If project owners want more bidders, they need to be more flexible with contractors, given the uncertainties of the current climate, says Leonard Toenjes, president of the AGC of Missouri. He recommends including escalation clauses to ensure contractors will not be pinched by price changes, particularly on long-term projects.
On the brighter side, Georgia is set for two electric vehicle (EV) manufacturing factories totaling $10.5 billion. South Korea’s Hyundai Motor Group will build a $5.5 billion factory near Savannah. Rivian Automotive, a startup company, announced it would build a $5 billion electric pickup truck plant east of Atlanta.
The Hyundai plant will employ at least 8,100 associates in its first U.S. facility for EV and battery manufacture. Construction is set to start in 2023 with a completion date of 2025. The Rivian plant will begin construction this summer, with full operation set for 2024.
USA Bio Energy of Scottsdale, Ariz., selected Bon Weir, Newton County, Texas, for construction of the first of its 12 planned advanced biorefineries for the production of sustainable aviation fuel (SAF), renewable diesel and renewable naphtha from wood waste feedstock sourced from East Texas forests.
These facilities also will be equipped with carbon capture and sequestration capabilities to support the growing U.S. market for sustainable and renewable fuels and its commitment to deliver 100 million gallons/year of SAF to LAX International Airport.
With the site selection decided, the operator expects to complete the Bon Wier plant’s first 34 million gallon/year phase by 2025. Plans are already underway for a future expansion that would double the biorefinery’s capacity to 68 million gallons/year.

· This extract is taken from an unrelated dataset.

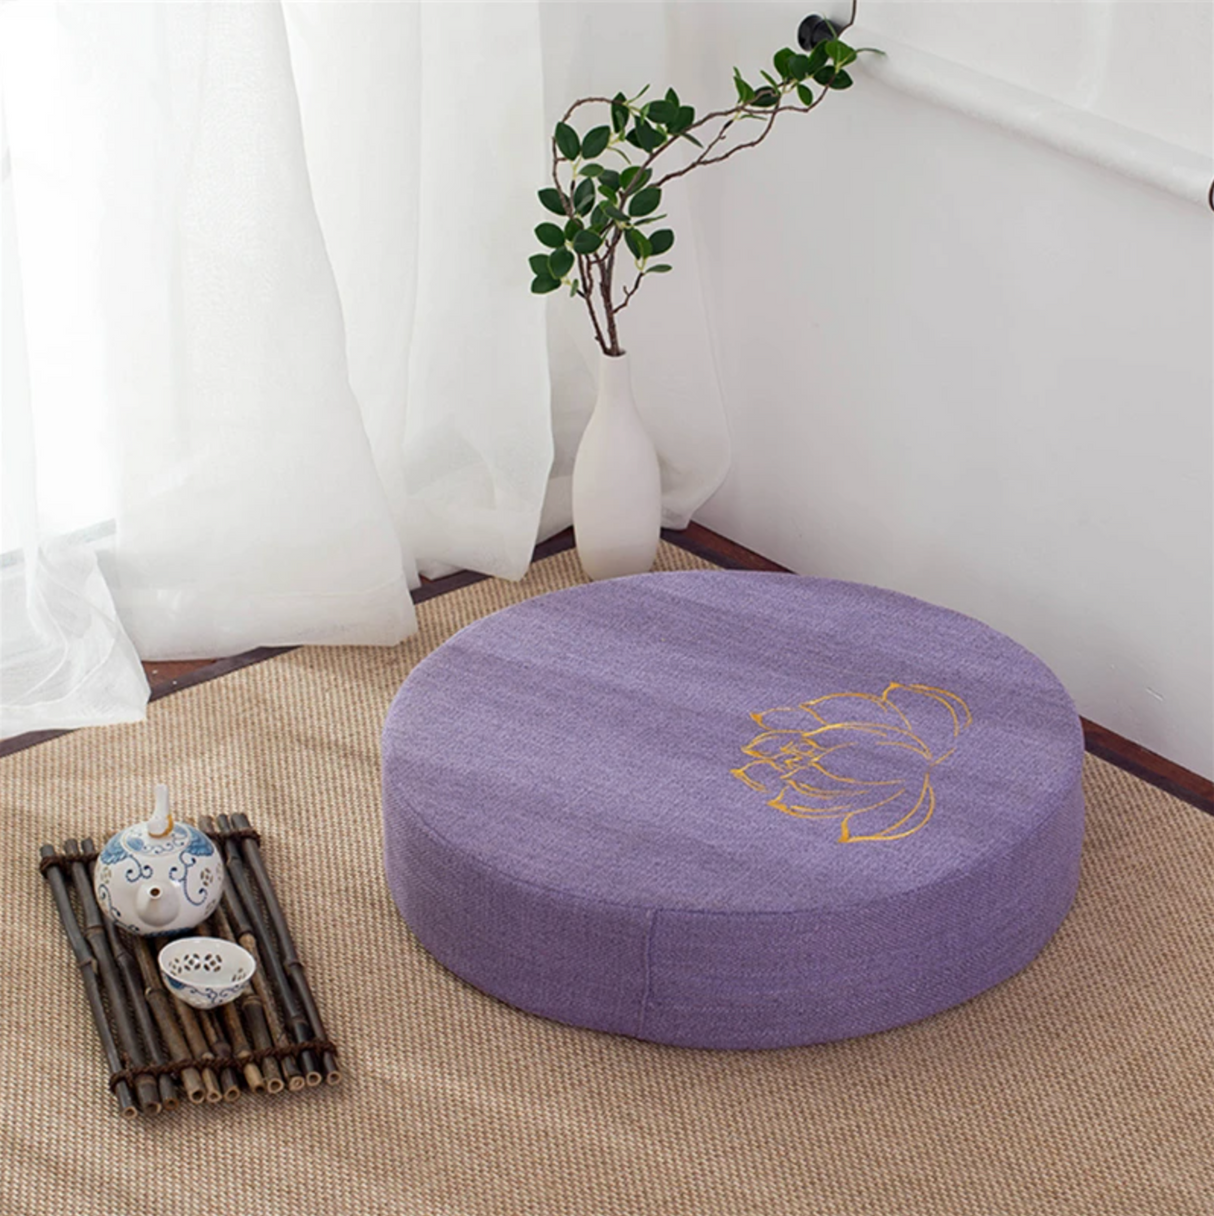 Japanese lotus flower cushion

The timeline for the completion of the second phase has yet to be announced.
While import demands are dropping rapidly, predicated on inventory buildups of consumer goods, container spot rates remain elevated on a year/year basis (+73 percent to the West Coast and +59 percent to the East Coast.) Drewry’s container spot rates from China/East Asia to the West Coast plunged 41 percent month-to-month to $9,630 FEU, and China/East Asia to the U.S. East Coast is down 36 percent per FEU to $11,907.
Persistent supply chain constraints, U.S. port-of-entry congestion, availability and high cost of trucking and suspect product quality issues are problems that must be dealt with to deliver the PVF industry’s needs on a timely, cost-effective basis.
Supporting domestic manufacturing ensures reliable sources of supply, high-quality products and limited liability exposure, and bolsters our domestic PVF industry’s manufacturing sector.
PVF Roundtable News
The third PVF Roundtable Networking Meeting of 2022 will be Aug. 9 at Houston’s The Bell Tower on 34th.
The PVF Roundtable TroutBlast Fishing Tournament is scheduled for Oct. 7-8, 2022, in Matagorda, Texas, beginning with The Captain’s Dinner on the Oct. 7 at Storm Shack (County Road 259), 5-9:30 p.m.
The fishing tournament begins at 6 a.m. on Oct. 8 at Blackjack Tournament, Matagorda Harbor.
The golf tournament and TroutBlast are the two major fund-raising events held by the PVF Roundtable Charitable Foundation. Funds raised are dedicated to the PVF Roundtable Scholarship Programs.
As a member of the board of directors, and I speak for all members, we thank you for your participation in these events.
With the uncertainties in the current turbulent PVF market, the networking meetings are a venue for you and your associates to network with your peers in the industry. These events provide the platform to share information, discuss pertinent issues, meet new contacts, develop new and long-lasting friendships, and pursue new opportunities in the industry.